快猫短视频

Childhood is not what it used to be

The rise of Ritalin has more to do with shifting social values than advances in neuropharmacology, argues David Concar

UNRULY children behave properly within minutes of swallowing it. Books, lawsuits and websites have been mobilised in honour or horror of its name. But Ritalin is more than just a noisily debated treatment for young hyperactive brains. Increasingly, it is being held aloft as a grim warning of where the new biomedical sciences are leading us.

Take the latest call for a tighter rein on such research. In Our Posthuman Future, Francis Fukuyama rates the galloping pace of neuropharmacology and the brain sciences as even more threatening to human dignity and freedom than the prospect of designer babies. 鈥淰irtually everything that the popular imagination envisions genetic engineering accomplishing is much more likely to be accomplished sooner through neuropharmacology,鈥 he writes. And for a taste of the kind of 鈥渕ind engineering鈥 that might flow from this, he suggests we look at the impact of Ritalin.

Clearly there are worries with this pill and its long-term effects on the brain. What Ritalin has never been, however, is a high-tech product of the new biomedical sciences. The suggestion that it is overlooks its true history and the real lessons it holds.

Chemists first synthesised Ritalin, or methylphenidate, in Switzerland in 1944, and the first clinical trials using it to treat hyperactivity ran some four decades ago.

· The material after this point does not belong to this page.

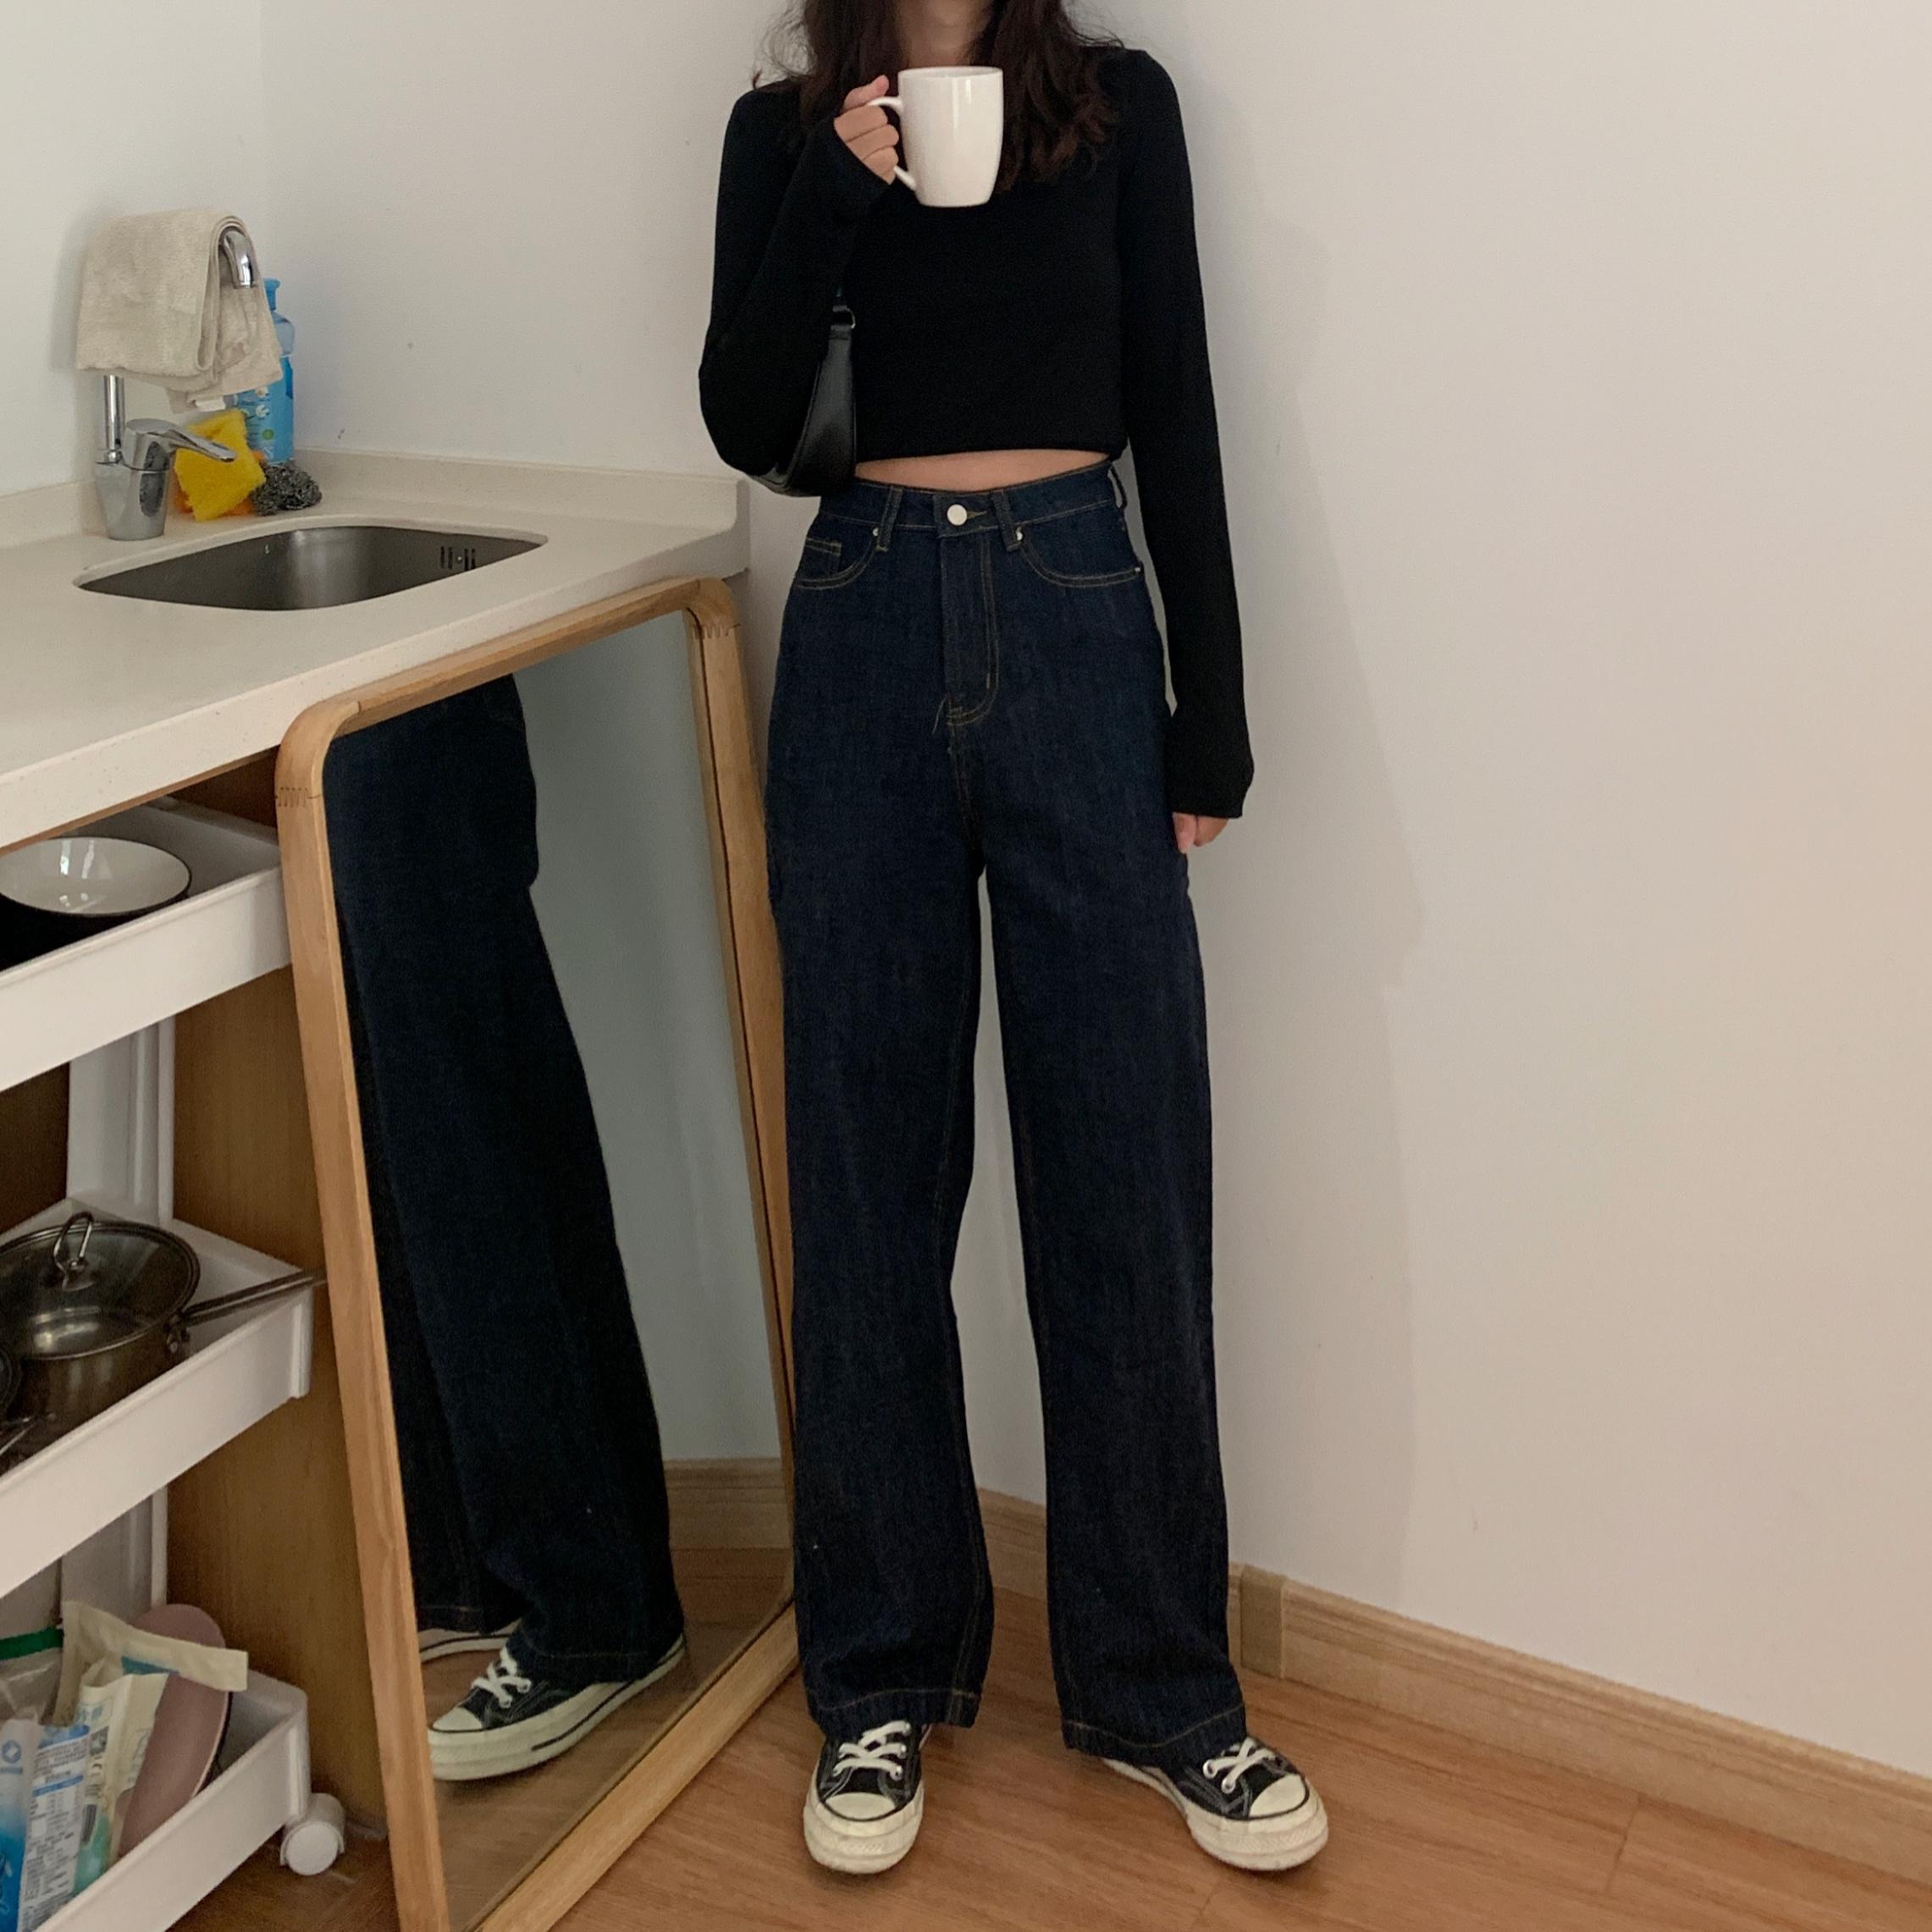 大码深色牛仔裤女高腰胖妹妹宽松阔腿直筒显瘦适合胯大腿粗的裤子

Far from being a precise clinical tool, it interferes messily with the brain鈥檚 chemistry. It is the product of old-fashioned suck-it-and-see science. To this day, nobody is exactly sure how it works.

So how did it get to be the pin-up pill for a scary new age of revolutionary neuroscience? Like Monty Python鈥檚 hapless Brian, this run-of-the-mill amphetamine acquired its reputation only because it caught the eye of an expectant crowd. Demand for Ritalin took off in the early 1990s, a time of much breathless talk about neuroscience.

快猫短视频s were starting to expose the genetic and biochemical roots of human personality, supposedly turning the mind into a machine ripe for fixing. Yet real examples of high-tech mind engineering were scarce, so when commentators needed evidence of the revolution they held up Ritalin, endowing it with a more sophisticated image than it deserved.

But what triggered the soaring demand? As psychiatrist David Healy points out in The Creation of Psychopharmacology: 鈥淭he psychiatric treatment of young children with drugs had until the 1990s been all but taboo鈥ass treatment on the scale that developed by the mid-1990s indicates a profound cultural shift.鈥 The rebranding of hyperactive behaviour as ADHD (attention deficit hyperactivity disorder) in the 1980s helped create that shift, as did a huge marketing effort by Ritalin鈥檚 manufacturer. But neither could have succeeded if doctors and patients weren鈥檛 themselves becoming more open to viewing problem behaviour as an abnormality serious enough to be fixed through drugs.

The roots of this change have been widely debated. One favourite suggestion is that harried parents and teachers prefer to blame brain chemistry rather than bad parenting or teaching for their charges鈥 troublesome behaviour. But there are other, less obvious factors. One is the development of psychological rating scales for measuring mood, behaviour and personality. Healy argues that just as the spread of bathroom scales in the 1960s laid the ground for anorexia nervosa, so the arrival of psychological checklists did the same for conditions such as ADHD. Without them, drugs manufacturers would struggle to design trials, and to identify children who deviate sufficiently from behavioural norms to require treatment.

But merely measuring and naming a behavioural deviation cannot spark a giant epidemic. What else was going on? It is probably true that before Ritalin took off, a lot of damaging hyperactivity was overlooked. It might even be true that hyperactive behaviour is increasing. But no psycho-medical condition spreads as fast as prescriptions for Ritalin have in the past decade. If hyperactivity is now diagnosed so often it is because it matters more to parents and teachers than it did.

Which isn鈥檛 surprising. In today鈥檚 super-competitive and super-protective world, childhood is not what it was. The idea has quietly taken hold that we鈥檙e all prisoners of our early years. Children鈥檚 behaviour, what they learn and when they learn it have taken on unprecedented significance. What was once a fluid time of discovery has been reinvented by cognitive psychologists as a succession of neural phases for learning language, social skills, number concepts and the rest. Grab these chances and your child prospers; miss them and supple synapses might ossify. Poisoning young minds with bad experiences is seen as a sure-fire recipe for a blighted life. Childhood has become something that has to be normal and got right 鈥 even if, paradoxically, that means using psychiatric drugs.

Drugs and technologies are not simply dumped into our laps by scheming scientists. They emerge because of a complex web of forces. If we want to control their impact, we ignore this web at our peril.